Se ha muerto Paco el Piloto, y yo no estaba. No pude ir. No pude verlo. No lo sabía. Me telefonearon lejos, a Italia, para contarme que estaba listo de papeles. «Muy malico», resumió la hija. Cáncer. Cuando los médicos le abrieron el asunto, se lo volvieron a cerrar y se fumaron un pitillo. Nada que rascar, Paco. Así que lo metieron en un hospital de Cartagena, a esperar. Entonces lo supe. Estaba en Milán mientras el Piloto agonizaba, y no podía volver hasta una semana más tarde. «No me llama ni se acuerda de mí», fueron sus palabras. Y se murió creyéndolo. Cuando telefoneé y pude hablar con su mujer, él estaba en la cama con la mascarilla de oxígeno, y ya no se enteró de nada. Se fue al desguace pensando que no me acordaba de él. Al enterarme, llamé a Paco Escudero, de la tele local, que es un periodista respetado y mi hermano de toda la vida, desde que traducíamos juntos Arma virumque cano. Está palmando el Piloto, dije. No tiene remedio y no sé si aguantará hasta que yo vuelva; pero quiero que la gente sepa que ha muerto un tío como Dios manda. Un hombre de bien, un marino y una leyenda. Y a él le habría gustado saber que no casca ignorado como un perro. Que lo recuerdo y que lo recordamos. Tranquilo, dijo Paco, que es un señor. Yo me encargo.

Ahora Telecartagena me ha mandado la cinta que emitió en el informativo, y en ella veo al Piloto con su piel atezada, los ojos azules y el pelo rizado y blanco, algo más gordo que en los años de mi adolescencia, pasear conmigo por el puerto, beber cerveza en el bar Sol, en la Obrera y en el Valencia, o pararse ante el gran bar de la calle Mayor cuando acababa de salir La carta esférica, aquella novela sobre el mar y sobre los marinos donde al Piloto lo llamé Pedro en vez de Paco, pero donde todo Cristo pudo reconocerlo en los gestos, palabras y silencios. Aunque eso de los silencios ya era relativo; porque en los últimos tiempos el Piloto se había vuelto más hablador que de costumbre. Los años, quizá: saber que te vas poco a poco, y hay cosas que no has soltado nunca y quisieras no llevártelas dentro. El Piloto era uno de los últimos supervivientes de otra época: cuando los hombres se ganaban la vida en los puertos trabajando en lo que podían, trampeando, contrabandeando un poquito si era preciso, viviendo siempre, además de sobre una movediza cubierta de barco, en el foso margen exterior de la legalidad vigente.
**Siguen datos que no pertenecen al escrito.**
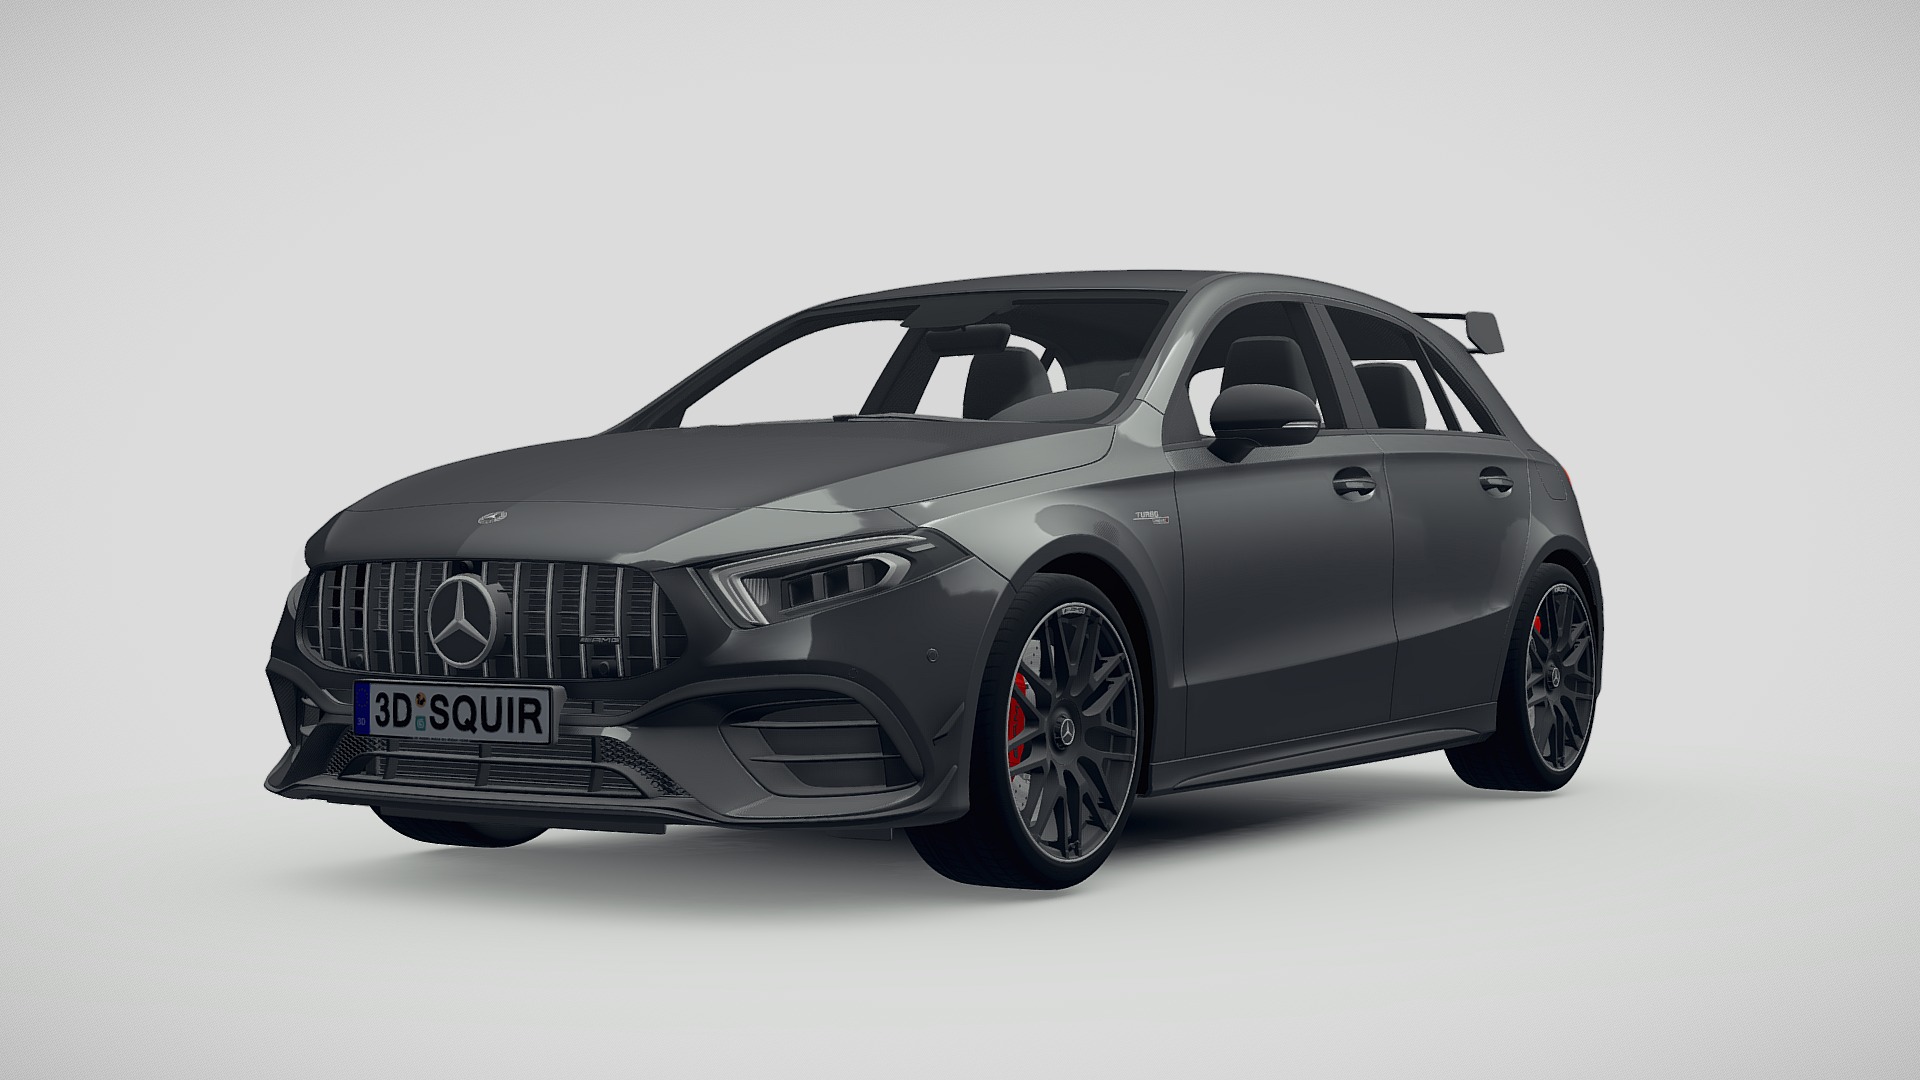 3D model Mercedes-Benz A45 S AMG 4Matic 2020 - This is a 3D model of the Mercedes-Benz A45 S AMG 4Matic 2020. The 3D model is about a silver sports car.

"No tenía estudios, pero sí la profunda sabiduría del Mediterráneo cuyo sol y salitre le habían impreso miles de arrugas en torno a los ojos."

No tenía estudios, pero sí la profunda sabiduría del Mediterráneo cuyo sol y salitre le habían impreso miles de arrugas en torno a los ojos. Sabía de mar y de la vida; que, como él decía, son iguales uno que otra. Quizá en los últimos años se había vuelto más hablador para echar afuera los diablos que le dejaron dentro las autoridades portuarias, y el ayuntamiento, y las normas legales la madre que parió a todos quienes lo obligaron malvender el barco con el que se ganaba la vida dejándolo a él en tierra, jubilado forzoso a veinticuatro mil cochinas pesetas de pensión al puto mes. Ahí reconozco a cierta gente de mi tierra. Hace un par de años propuse a las personas adecuadas comprar yo mismo el barco del Piloto y restaurarlo —costaba sólo cuatro duros— y que ellos lo colocaran en algún sitio, con el compromiso de conservarlo para que no se perdiera ese modesto trocito de la historia portuaria de Cartagena. Pero les importó un carajo, y pasaron del barco igual que habían pasado de su patrón; y El Piloto, que así se llamaba en realidad el otro barco que aparece con el nombre de Carpanta en mi novela —el Piloto era hijo de un marinero también apodado Piloto y nieto de Paca la Pilota— se pudrió al sol varado en el muelle comercial, y nunca más de él se supo.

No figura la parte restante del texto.